Pérez Escohotado için İspanyol mutfağındaki dönüm noktası, deneyleriyle haute cuisine'i altüst eden ancak zamanla daha çok medya ve müze figürüne dönüşen Ferran Adrià fenomeniyle geldi. "Adrià gastronomiyi bıraktı" diyor ve etkili bir şef olarak rolünün ortadan kalktığını ima ediyor. 1987 yılında ilk yıldızını alan elBulli, 2011 yılında kapandı. “Her zaman mükemmel bir satıcıydı ve hala öyle, ancak mutfağı terk etti.” Adrià, 2010 yılından bu yana mutfaktan müzeye taşınıyor ve kitaptaki birçok metinde ifade ettiği gibi mirasını kişisel bir markaya dönüştürüyor.

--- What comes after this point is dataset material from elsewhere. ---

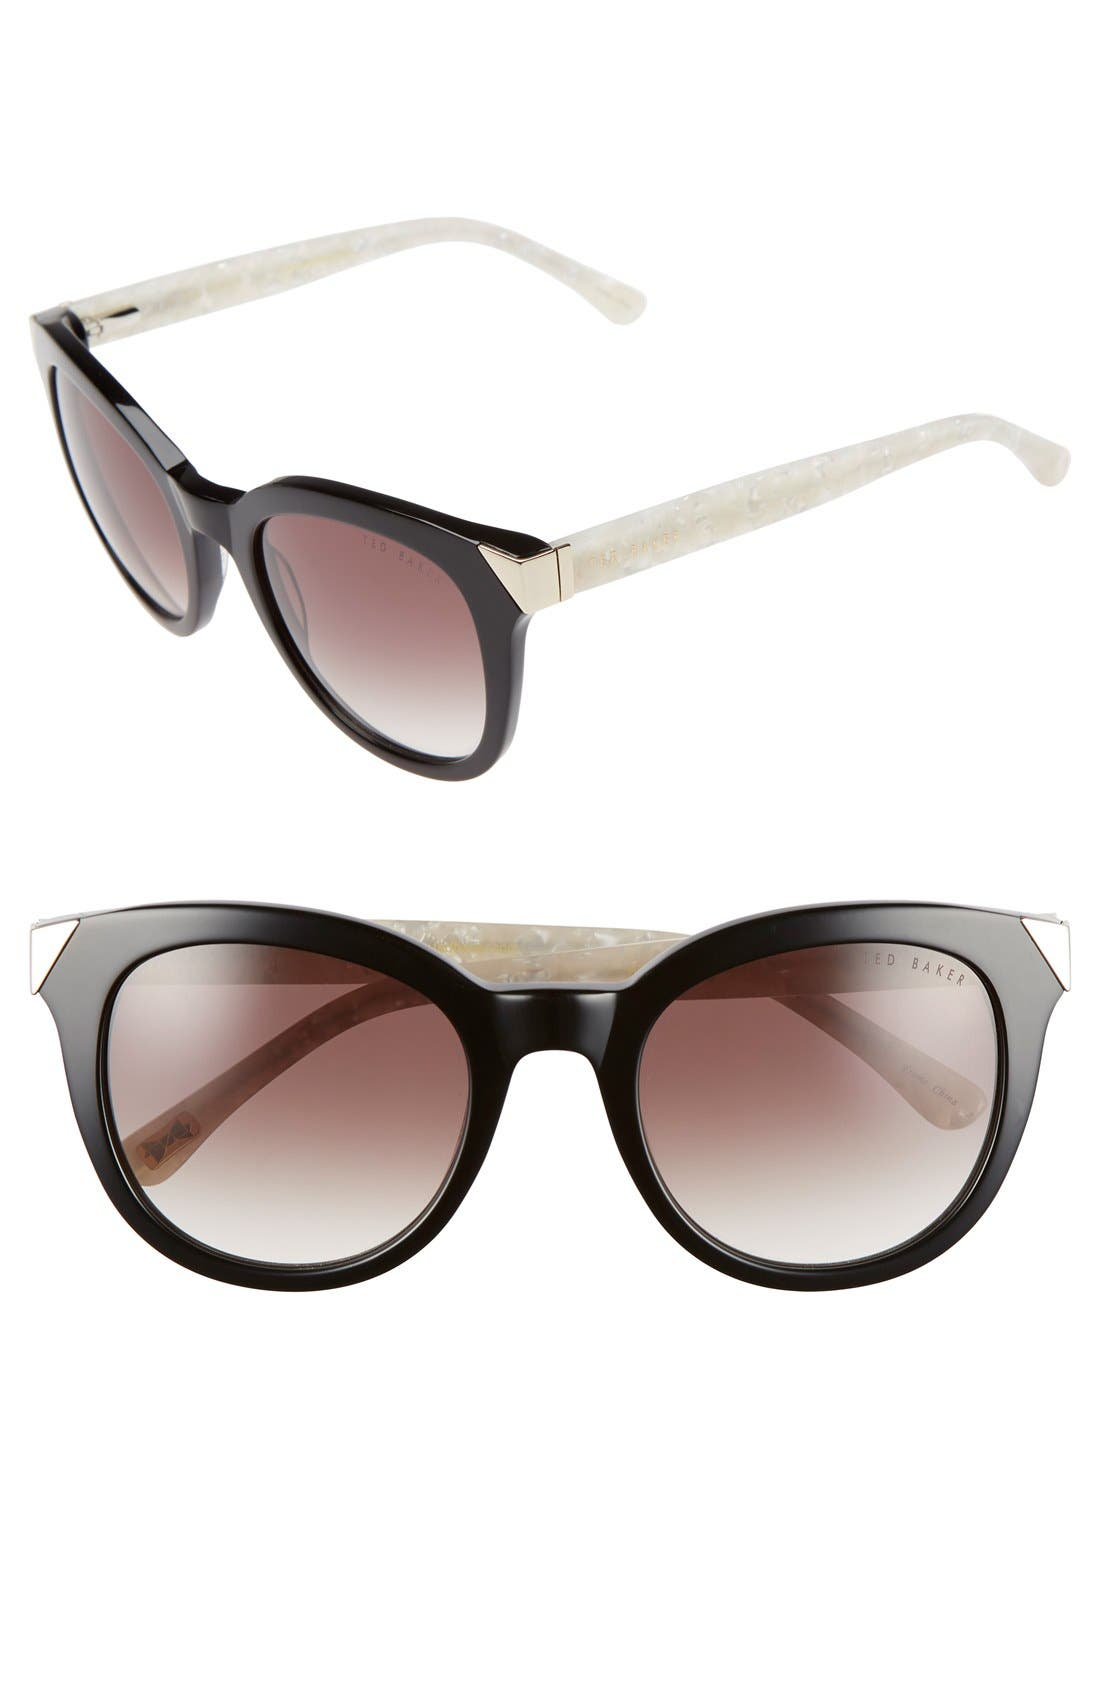 52mm Metal Accent Sunglasses,                         Main,                         color,

Yazar , Gastronomik Dönüş adlı eserinde, medya ve kurumlar tarafından desteklenen, mutfak yaratıcılığını çarpıtan ve onu ekonomide “yıkıcı inovasyon” olarak adlandırılan bir pazarlama ürününe dönüştüren ve “aslında yaratıcılık olmayan yaratıcılık fikirlerini” yayan tek tip bir gastronomi düşünce biçimini anlatıyor. Bu bağlamda Pérez Escohotado, avangart mutfağın, sanatsal olarak tanımlanan ancak her şeyden önce ticarileşmeyle, özgünlüğün forma, görsel sunuma ve geleneksel ürünlere ticari tekniklerin uygulanmasına indirgendiği bir anlatı tarafından ele geçirildiğini vurguluyor. Bizden gastronominin özünü, hakikisini çaldılar.
Mutfaktaki yaratıcılık konusunda Escohotado net: "Yaratıcılık kavramı, hatta kelimenin kendisi bile, ticari gastronomiyi meşrulaştırmak için kullanılan bir maskeden başka bir şey olmayan, bir aldatmacadan başka bir şey olmayan inovasyon terimiyle değiştirildi." Onun için yemek pişirmek, gerçek anlamda bir mutfak evrimi olmadan, müşterileri büyülemeyi amaçlayan bir dizi numaradan ibaretti. Gastronomiye Kültürel ve Somut Olmayan Miras olarak ayrılmış bölümde, gerçekte “süreç, biçimsel hazırlık üzerinde çalışılıyor, ancak ürünün maddi kısmı kurban ediliyor, gizleniyor veya arka plana atılıyor, bunun yerine yapaylık kullanılıyor,” diye düşünüyor; bu konuyu “antropolojik lirizm” ifadesi altında ele alıyor: “Bu, bir tortillayı köpüğe dönüştürmekle ilgili değil, yemek pişirmeyi tarihimizle ve topluluklarımızla bağlantı kuran kültürel bir gerçek olarak anlamakla ilgili.”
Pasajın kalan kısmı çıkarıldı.